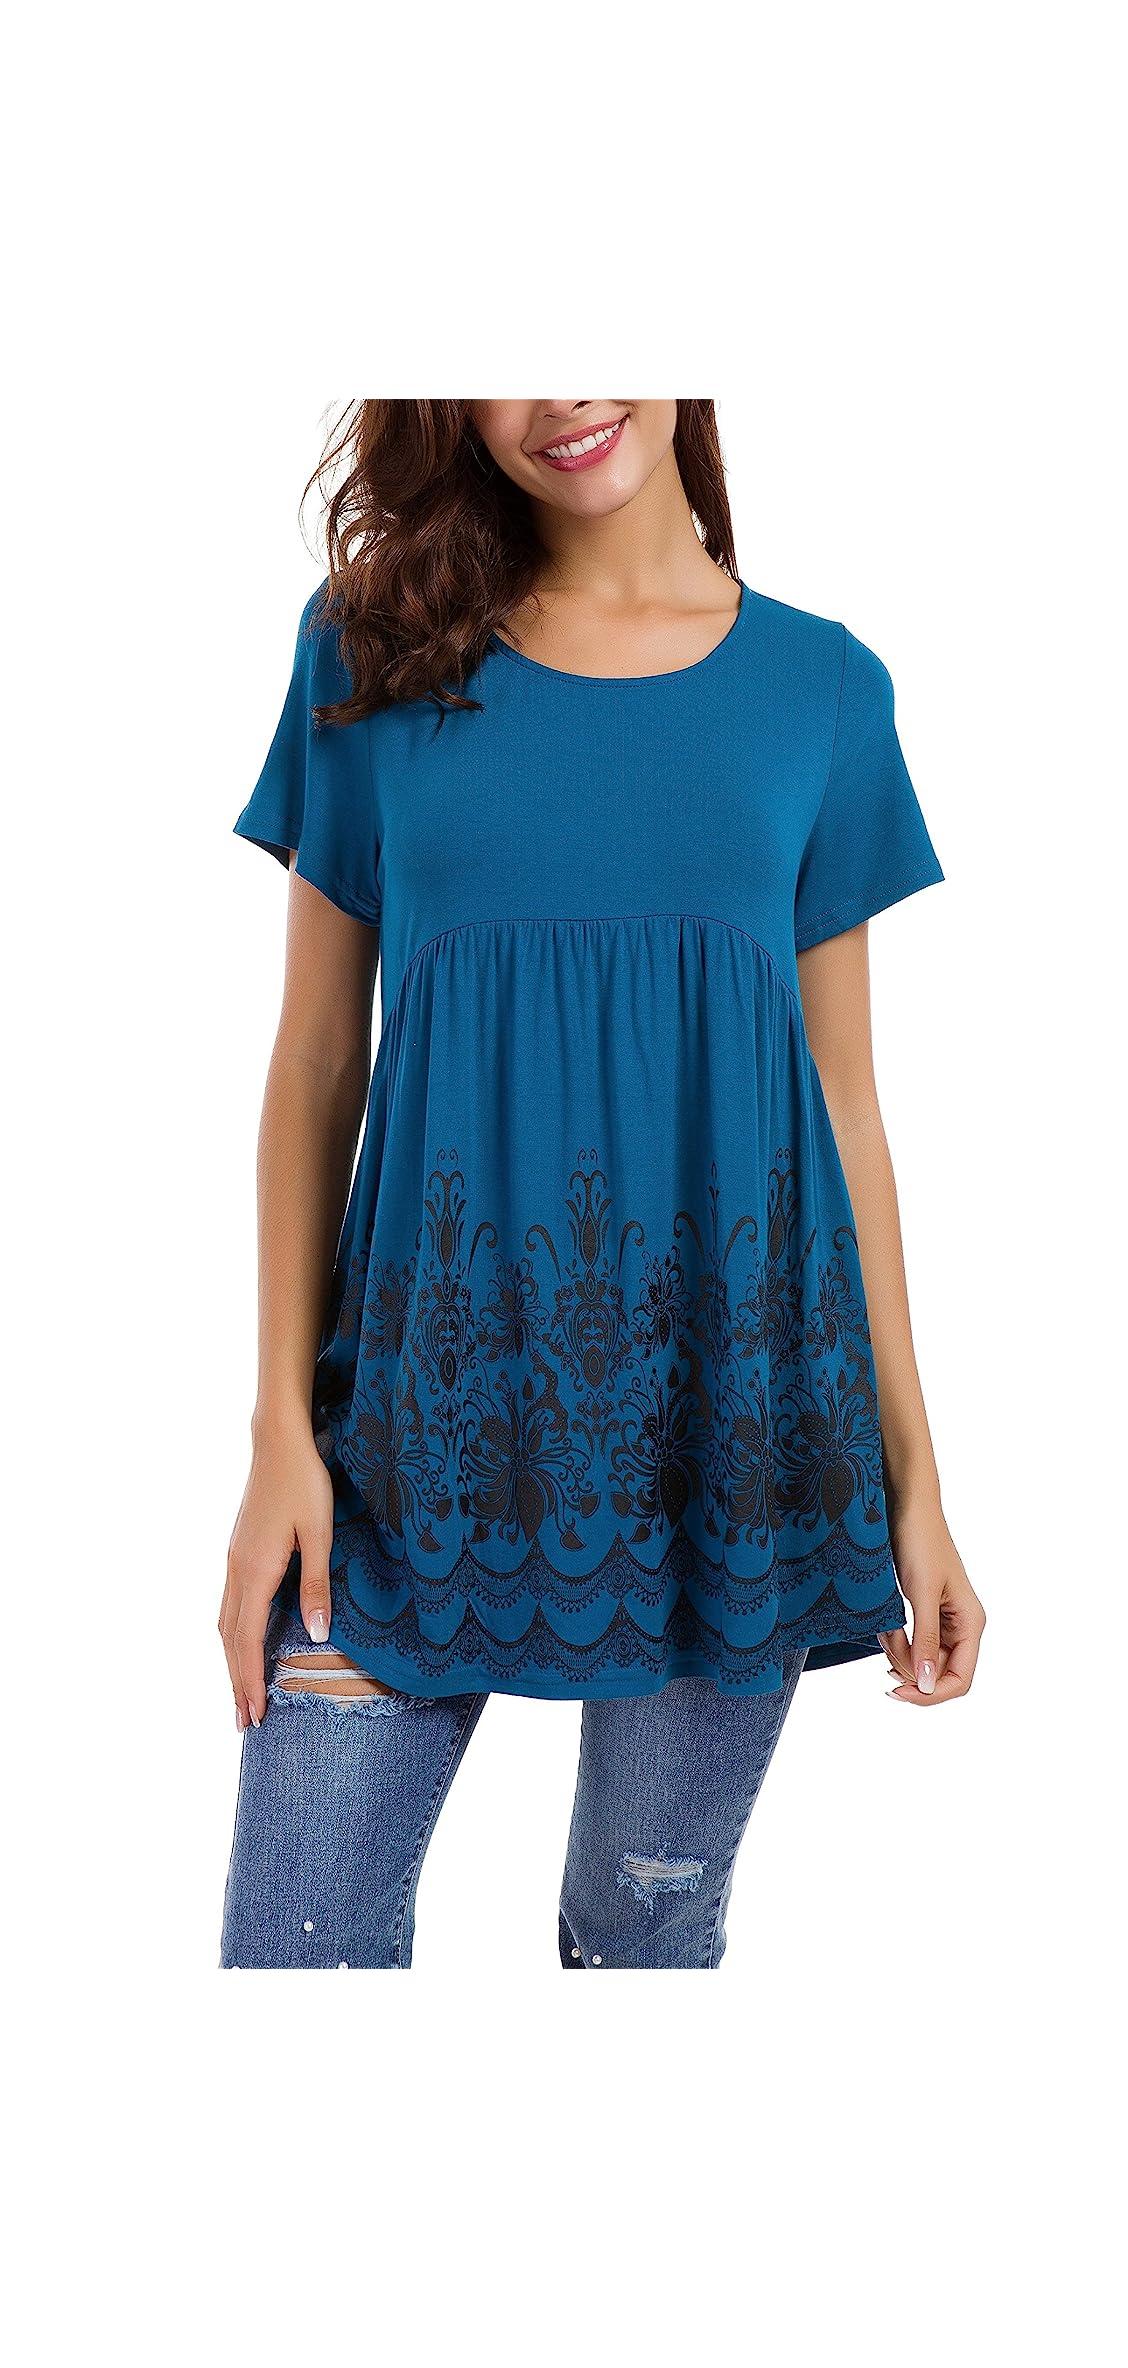 Women's Short Sleeve/sleeveless Floral Printed Flare
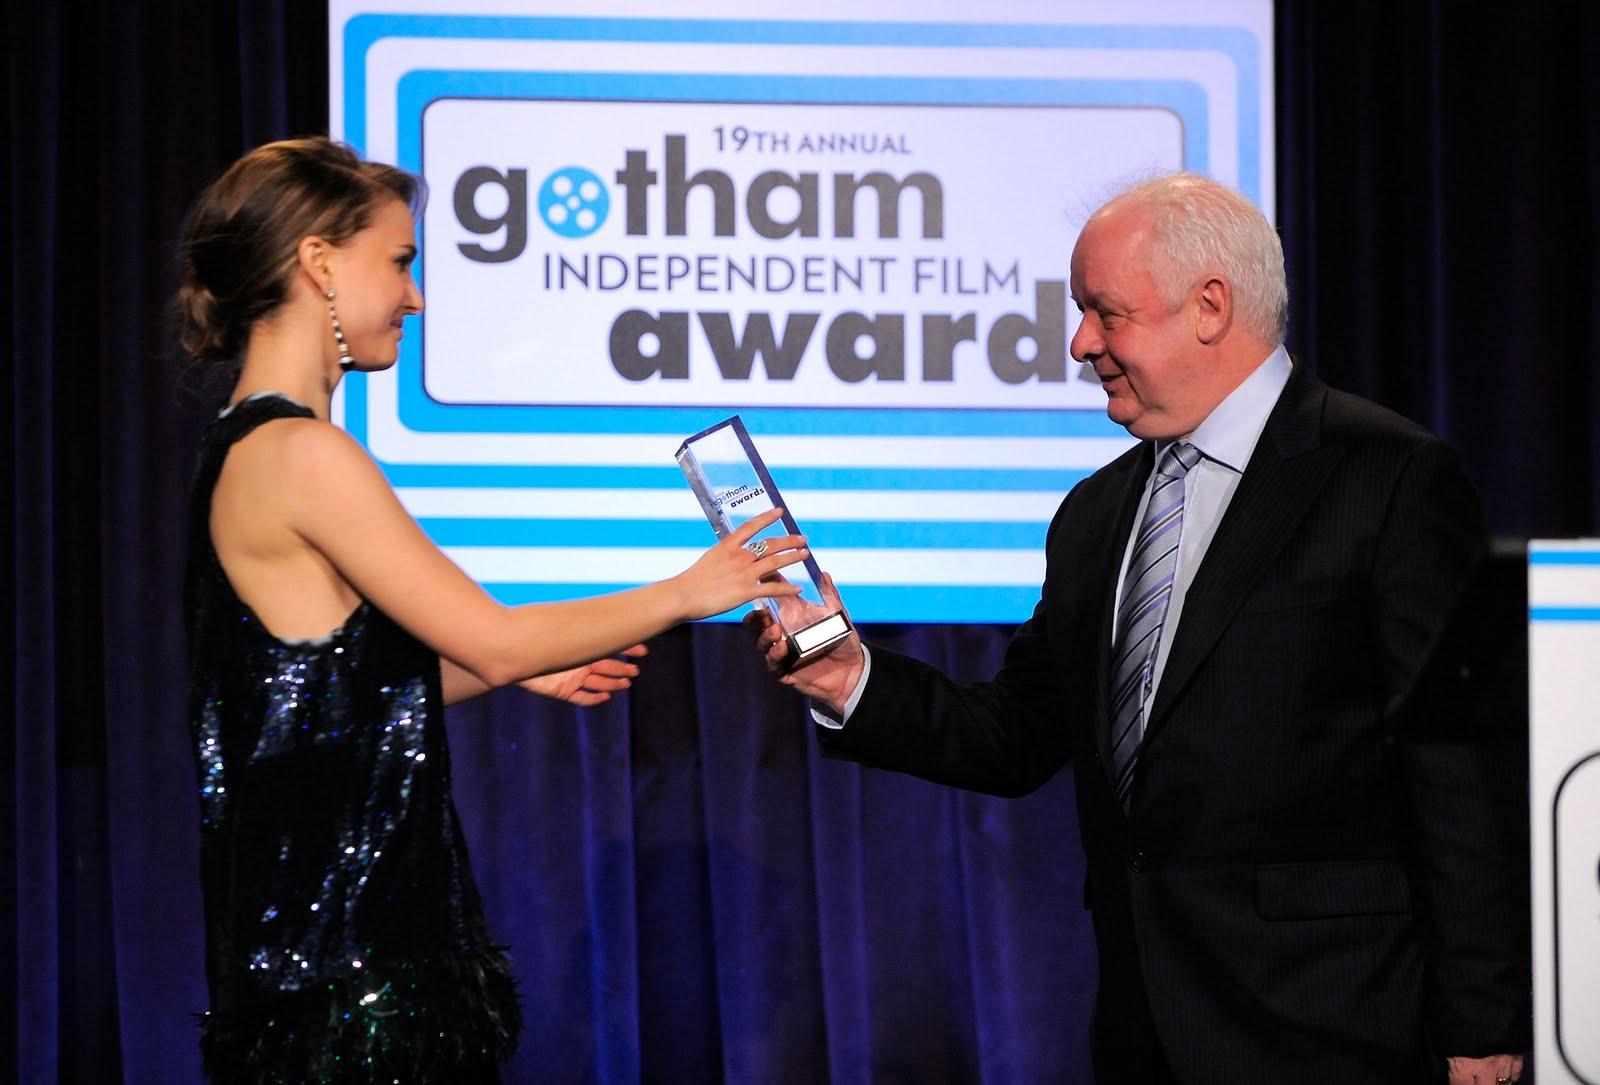 http://3.bp.blogspot.com/_R5WS6_kmmTI/SxW5RtatEGI/AAAAAAAAh-o/BTkDuwlYSpI/s1600/05368_Preppie_-_Natalie_Portman_at_IFPs_19th_Annual_Gotham_Independent_Film_Awards_949_122_230lo.jpg
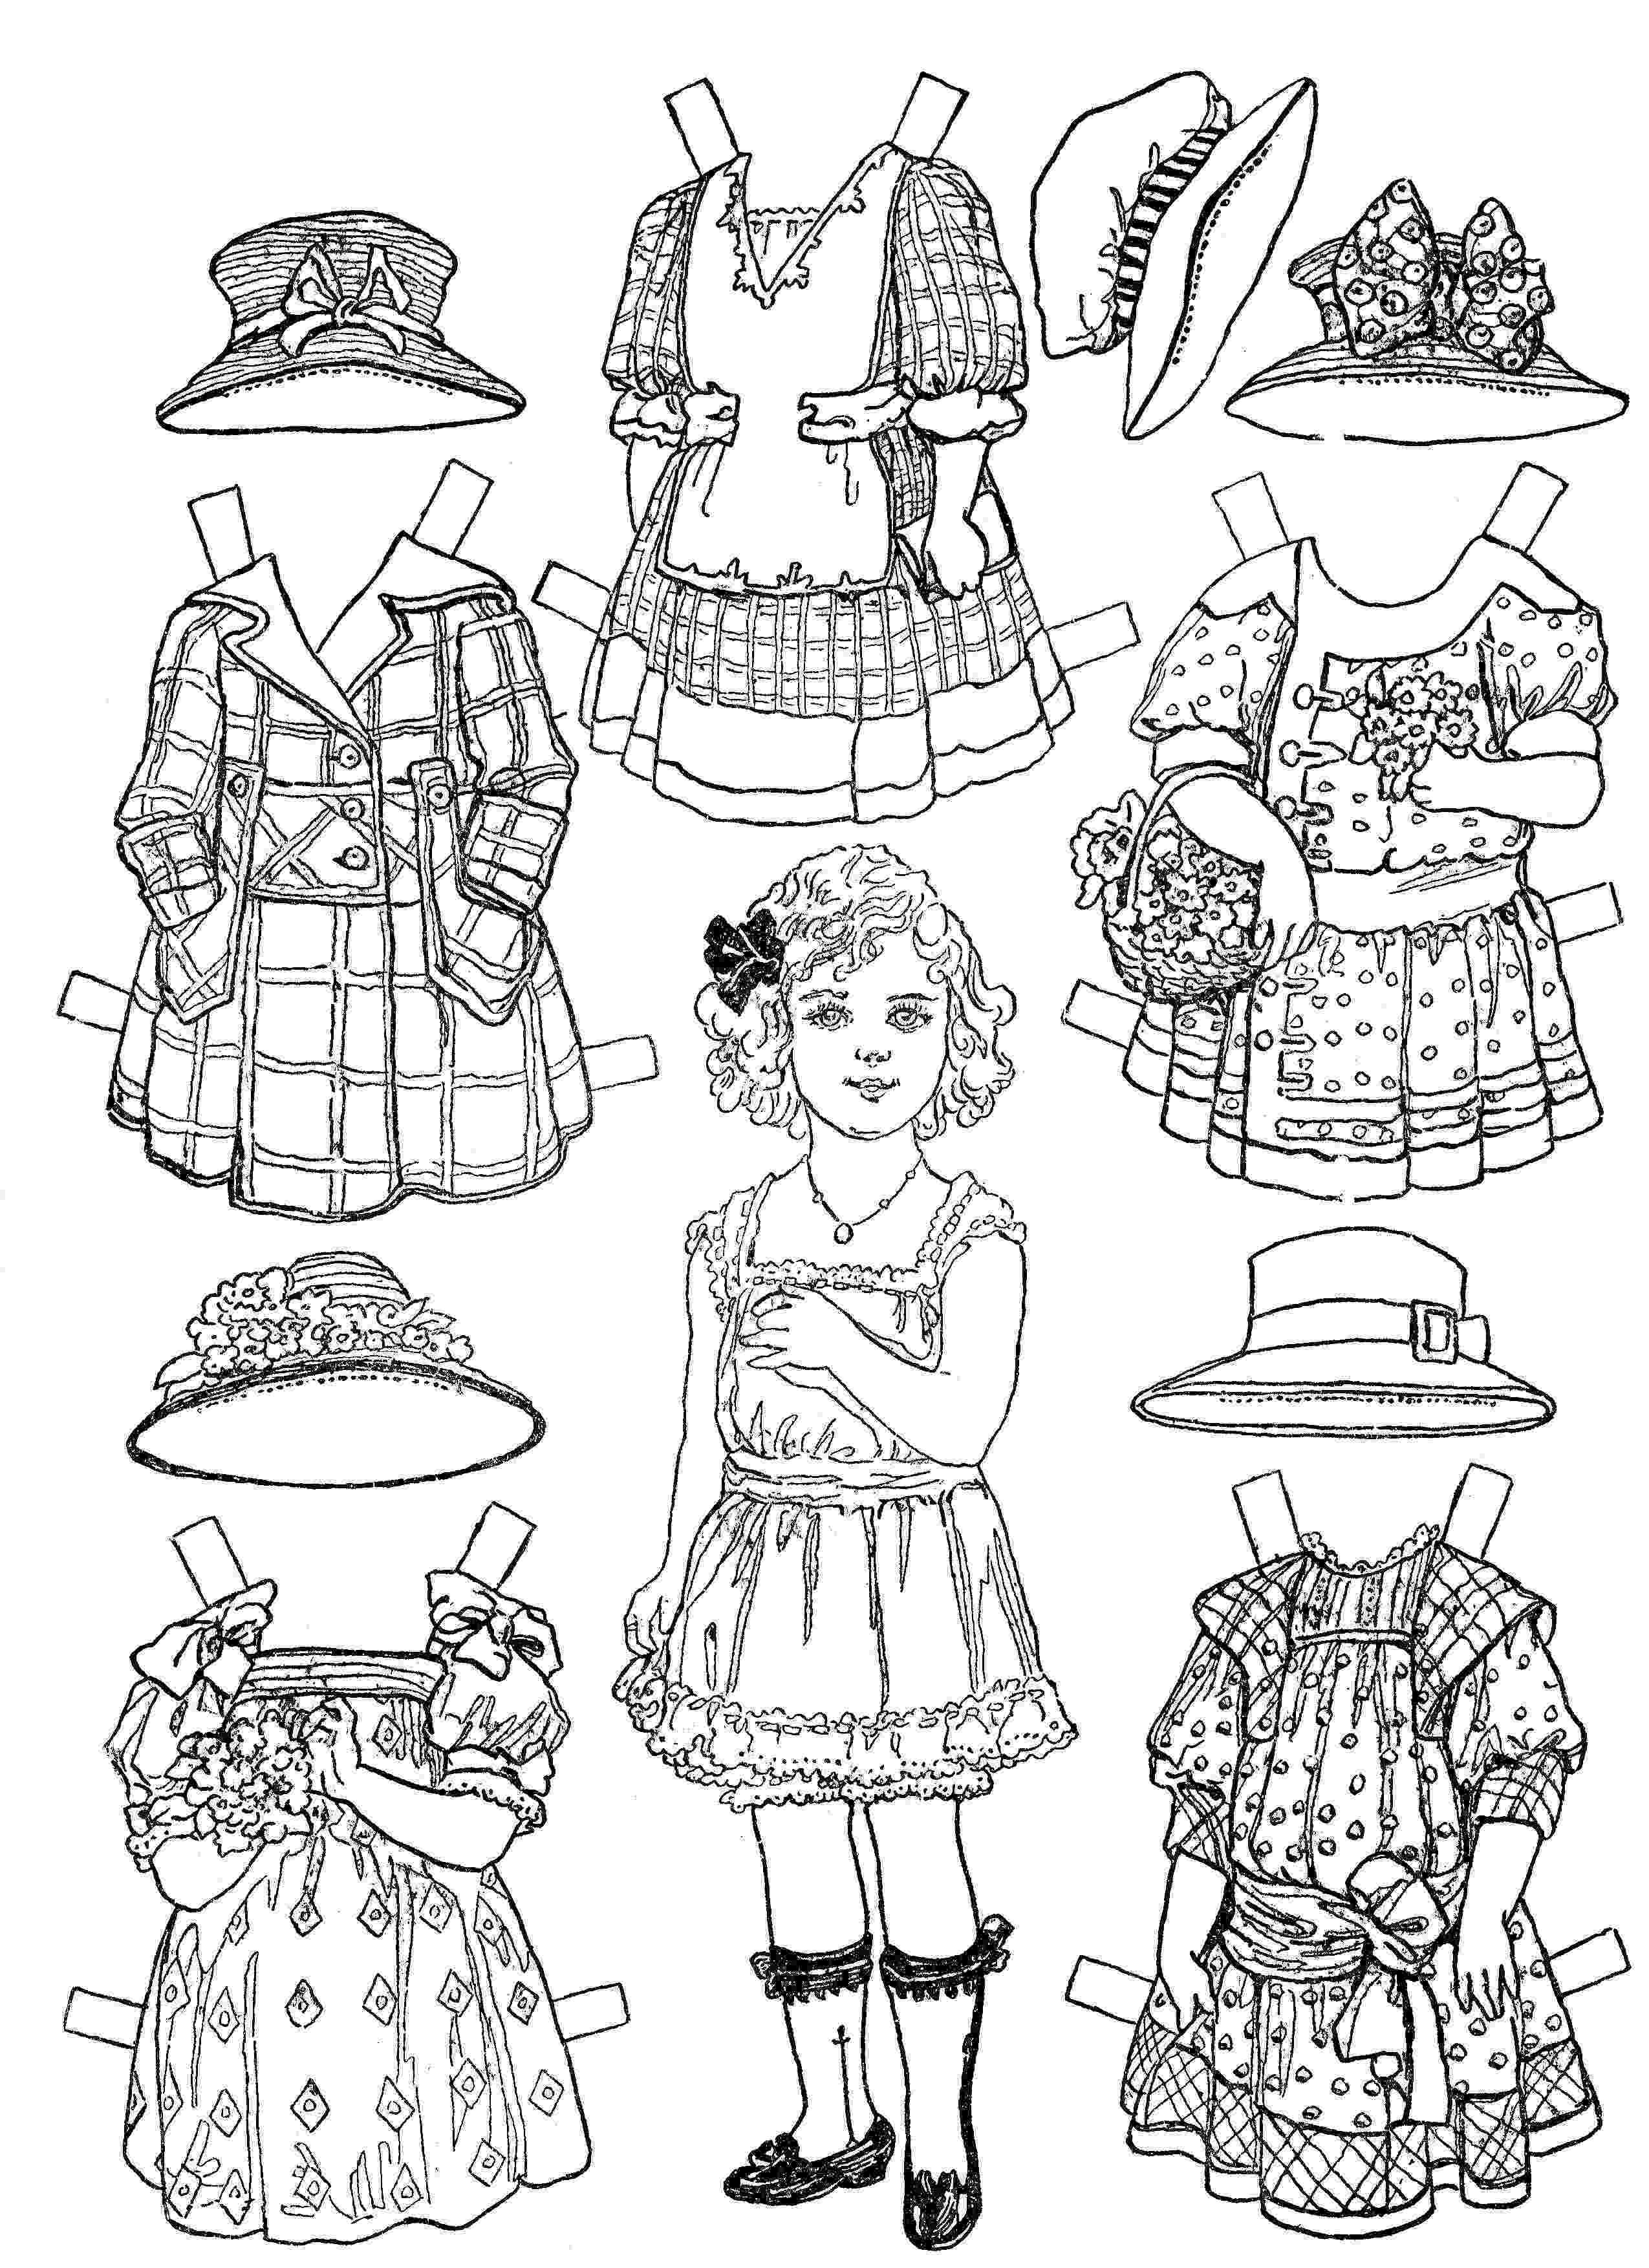 paper dress up dolls printable printable paper dolls clothes and accessories paper dolls printable dress up

■ ■ ■

# What you have to do
Retype the listing exactly. Leave the pictures out.

# Exercise solution
 Women's Short Sleeve/sleeveless Floral Printed Flare
 http://3.bp.blogspot.com/_R5WS6_kmmTI/SxW5RtatEGI/AAAAAAAAh-o/BTkDuwlYSpI/s1600/05368_Preppie_-_Natalie_Portman_at_IFPs_19th_Annual_Gotham_Independent_Film_Awards_949_122_230lo.jpg
 paper dress up dolls printable printable paper dolls clothes and accessories paper dolls printable dress up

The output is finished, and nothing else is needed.